**What is expected:** Copy out each line below in which the string "White" appears.

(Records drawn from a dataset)
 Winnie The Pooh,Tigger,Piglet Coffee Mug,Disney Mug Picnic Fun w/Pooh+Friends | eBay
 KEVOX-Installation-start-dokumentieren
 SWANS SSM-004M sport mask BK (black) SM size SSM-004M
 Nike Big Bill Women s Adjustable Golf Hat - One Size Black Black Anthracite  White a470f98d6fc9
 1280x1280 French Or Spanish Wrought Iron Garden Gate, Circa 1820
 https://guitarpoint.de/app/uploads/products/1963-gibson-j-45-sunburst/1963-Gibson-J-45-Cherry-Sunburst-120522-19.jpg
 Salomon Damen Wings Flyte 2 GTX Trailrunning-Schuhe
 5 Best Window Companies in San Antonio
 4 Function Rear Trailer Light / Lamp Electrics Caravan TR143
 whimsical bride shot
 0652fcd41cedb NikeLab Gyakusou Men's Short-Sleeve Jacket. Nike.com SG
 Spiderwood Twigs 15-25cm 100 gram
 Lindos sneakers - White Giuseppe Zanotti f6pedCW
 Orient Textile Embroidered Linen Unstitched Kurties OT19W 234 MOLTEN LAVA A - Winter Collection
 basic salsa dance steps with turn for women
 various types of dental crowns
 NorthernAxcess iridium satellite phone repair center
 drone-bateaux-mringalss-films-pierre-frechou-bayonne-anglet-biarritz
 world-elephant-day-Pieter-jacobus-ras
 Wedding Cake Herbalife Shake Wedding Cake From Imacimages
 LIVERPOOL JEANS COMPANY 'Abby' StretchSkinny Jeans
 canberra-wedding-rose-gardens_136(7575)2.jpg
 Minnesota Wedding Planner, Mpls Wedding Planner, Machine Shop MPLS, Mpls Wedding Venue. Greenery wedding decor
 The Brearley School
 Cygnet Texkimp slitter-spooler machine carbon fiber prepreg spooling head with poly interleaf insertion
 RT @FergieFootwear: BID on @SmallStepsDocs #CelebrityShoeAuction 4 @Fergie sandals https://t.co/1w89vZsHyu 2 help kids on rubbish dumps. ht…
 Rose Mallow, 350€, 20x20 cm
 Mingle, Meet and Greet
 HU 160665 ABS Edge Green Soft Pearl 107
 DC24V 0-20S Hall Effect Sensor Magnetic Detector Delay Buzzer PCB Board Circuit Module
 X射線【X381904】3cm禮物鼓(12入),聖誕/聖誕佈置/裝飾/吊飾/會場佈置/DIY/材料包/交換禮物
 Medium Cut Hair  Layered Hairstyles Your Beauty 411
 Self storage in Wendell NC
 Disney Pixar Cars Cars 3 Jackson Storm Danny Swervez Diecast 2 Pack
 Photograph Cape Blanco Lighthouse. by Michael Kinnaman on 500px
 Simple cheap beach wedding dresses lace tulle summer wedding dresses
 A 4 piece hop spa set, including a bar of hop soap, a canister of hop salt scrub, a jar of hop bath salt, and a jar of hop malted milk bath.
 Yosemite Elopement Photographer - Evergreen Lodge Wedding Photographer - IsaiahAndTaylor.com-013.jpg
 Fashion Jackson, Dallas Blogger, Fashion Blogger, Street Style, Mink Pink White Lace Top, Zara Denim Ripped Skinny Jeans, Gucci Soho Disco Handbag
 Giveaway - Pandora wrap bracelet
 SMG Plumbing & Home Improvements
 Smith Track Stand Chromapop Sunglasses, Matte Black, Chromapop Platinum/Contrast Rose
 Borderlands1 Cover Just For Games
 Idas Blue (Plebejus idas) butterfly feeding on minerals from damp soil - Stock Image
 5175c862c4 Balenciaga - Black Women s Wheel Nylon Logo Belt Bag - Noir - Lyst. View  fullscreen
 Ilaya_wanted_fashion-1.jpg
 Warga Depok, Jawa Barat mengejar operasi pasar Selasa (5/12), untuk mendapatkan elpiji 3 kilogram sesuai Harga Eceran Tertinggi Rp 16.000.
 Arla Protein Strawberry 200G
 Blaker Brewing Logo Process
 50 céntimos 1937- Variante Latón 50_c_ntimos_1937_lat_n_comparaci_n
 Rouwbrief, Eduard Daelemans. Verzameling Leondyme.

**Written answer:**
 Nike Big Bill Women s Adjustable Golf Hat - One Size Black Black Anthracite  White a470f98d6fc9
 Lindos sneakers - White Giuseppe Zanotti f6pedCW
 Fashion Jackson, Dallas Blogger, Fashion Blogger, Street Style, Mink Pink White Lace Top, Zara Denim Ripped Skinny Jeans, Gucci Soho Disco Handbag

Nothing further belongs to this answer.